"Because when you're wildly in love with someone, it changes everything." ~Francis Chan

Thursday, February 25, 2010

Desire

"My heart leaps for joy and I will give thanks to him in song."


When is the last time your heart 'leapt for joy' over anything? Over God? This whole verse is telling us how God is going to take care of us, yet I would venture to guess that many of us look at it and think,'hmmm, that's nice.' I wonder if our response would be the same to a person who came and knocked on our door and told us that we would never have to worry about anything again because he would always be there to take care of us...and all we had to do it trust.

I think most of us would be jumping for joy, screaming out our thanks and telling everyone we knew. In fact, we wouldn't even have to go and tell people cause our faces would shine so brightly that everyone else would want to know our secret.

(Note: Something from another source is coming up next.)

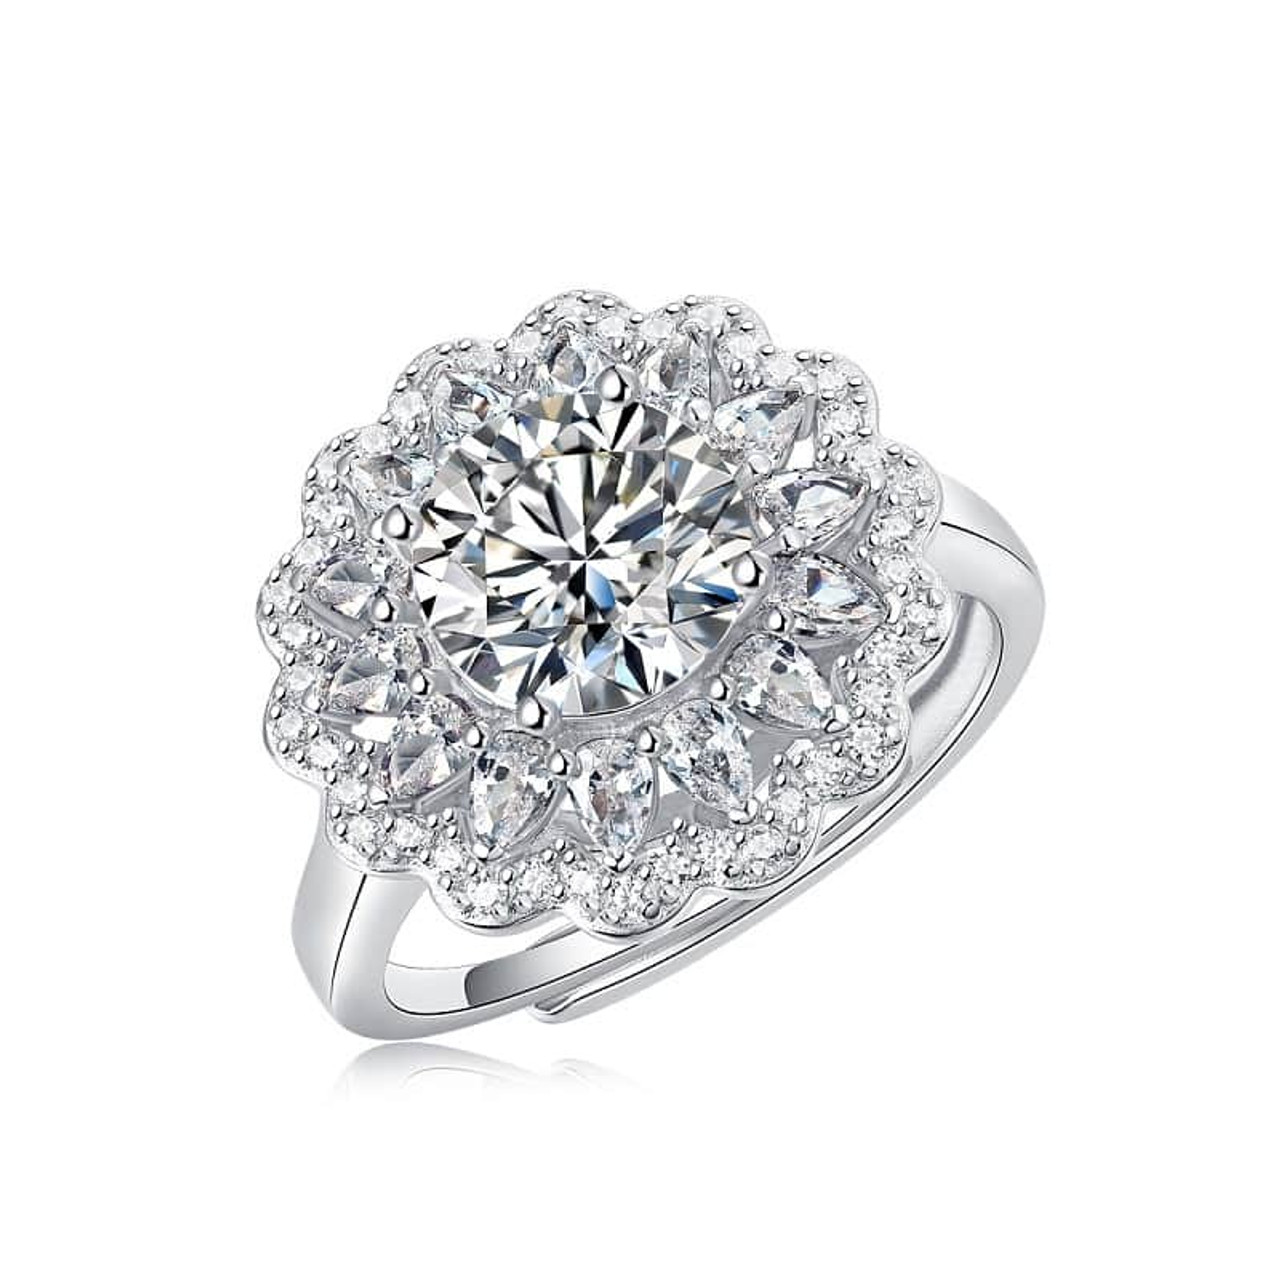 S925 Silver Moissanite Ring Flowers Women's New Trendy Ring Adjustable

So, if that is the case, and this is such a wonderful gift, why aren't our hearts jumping for joy? I believe it all has to do with desire.

When we are in close communication with God, the desires of our hearts are pure and God grants them to us. Likewise, when we are far from God, he gives us over to the desires of our hearts (Rom 1:24; Rom 7:18).

Much like Adam and Eve in the garden - they had the opportunity to follow God and be granted the desires of their hearts, and leap for joy, or be given over to the desires of their heart.

That phrase, 'given over', sounds much like allowing the devil to do with us as he will. I have experienced some of this in my own life recently. I wanted something for myself - not a 'bad' thing, but something that took a lot of my focus from God. And you know what happened? God allowed me to follow my desire and it didn't pan out. I was feeling horrible and quite honestly, that is all I wanted to write about today. I didn't want to admit that I chose to follow my way instead of God's and that is why I got hurt, but it is what happened.

God must be the center of my life DAILY. I see that I can't go a moment without Him and allow myself to be swept away. I want to know that heart's joy all the time and not just in spurts.

So again, I choose to lay down my desires and follow Him.